Fui criança nos anos 90, então vi quando aconteceu, passou em todos os jornais. Foi um serial killer que marcou época, e muitas pessoas nem sabem disso, as crianças dos anos 2000. Poder contar essa história é um alerta para todo mundo, porque ele era uma pessoa invisível em São Paulo, que conseguia capturar a atenção das meninas… é um enredo muito macabro. As coisas que a gente gravava e lia no roteiro eram bem assombrosas. E o Silvero (Pereira) é sinistro, ele transmuta na atuação.

Antes de seguir carreira na música, você trabalhou na rua, vendendo amendoim em trens. Que ensinamentos daquela época você carrega hoje na sua carreira?

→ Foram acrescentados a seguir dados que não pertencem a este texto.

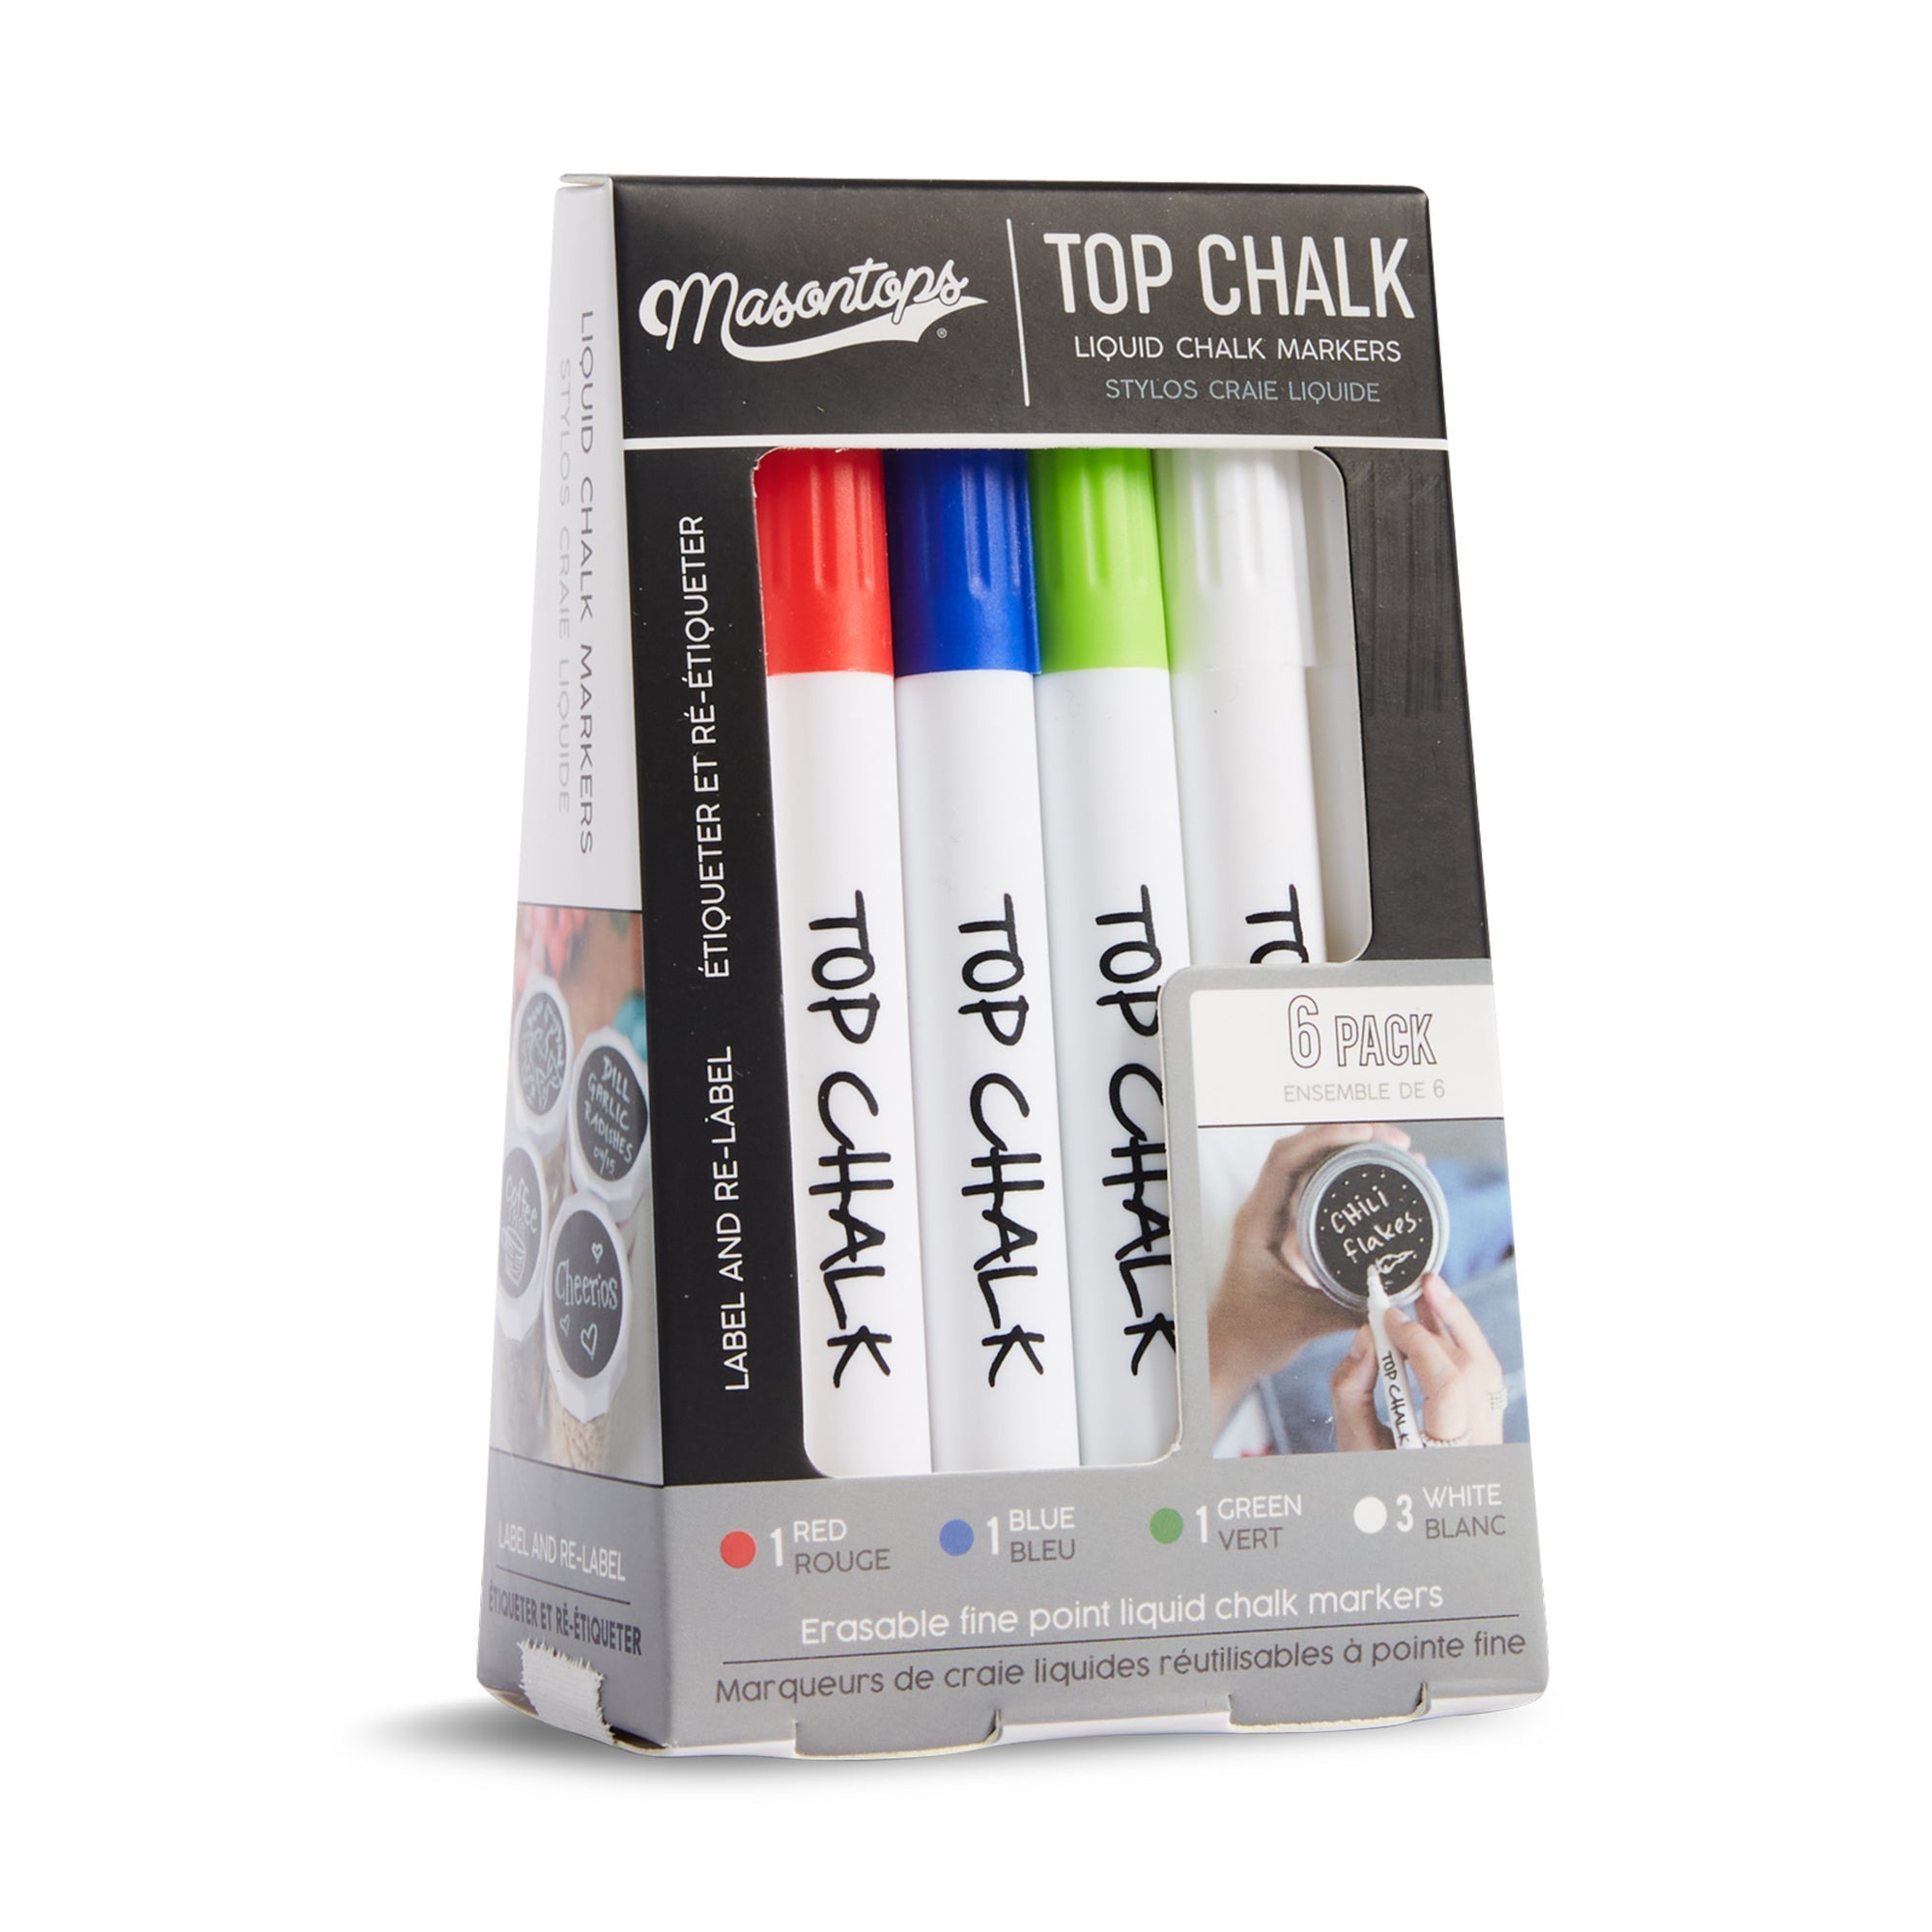 Masontops - Top Chalk Liquid Chalk Markers - all things being eco chilliwack

O contato com o público. No início eu era bem tímido, mas depois que você trabalha diretamente com ele, você tem um feeling diferente. Você fala para pessoas de outras regiões, que gostam de coisas diferentes, e você precisa vender. Essa minha experiência nas ruas me deu uma sagacidade de capturar a atenção das pessoas e saber o que elas querem. Porque o cliente tem sempre razão, foi assim que aprendi.

“A história do Maníaco do Parque é um alerta para todo mundo, porque ele era uma pessoa invisível”

Como você concilia a carreira musical com a rotina de gravações de Renascer?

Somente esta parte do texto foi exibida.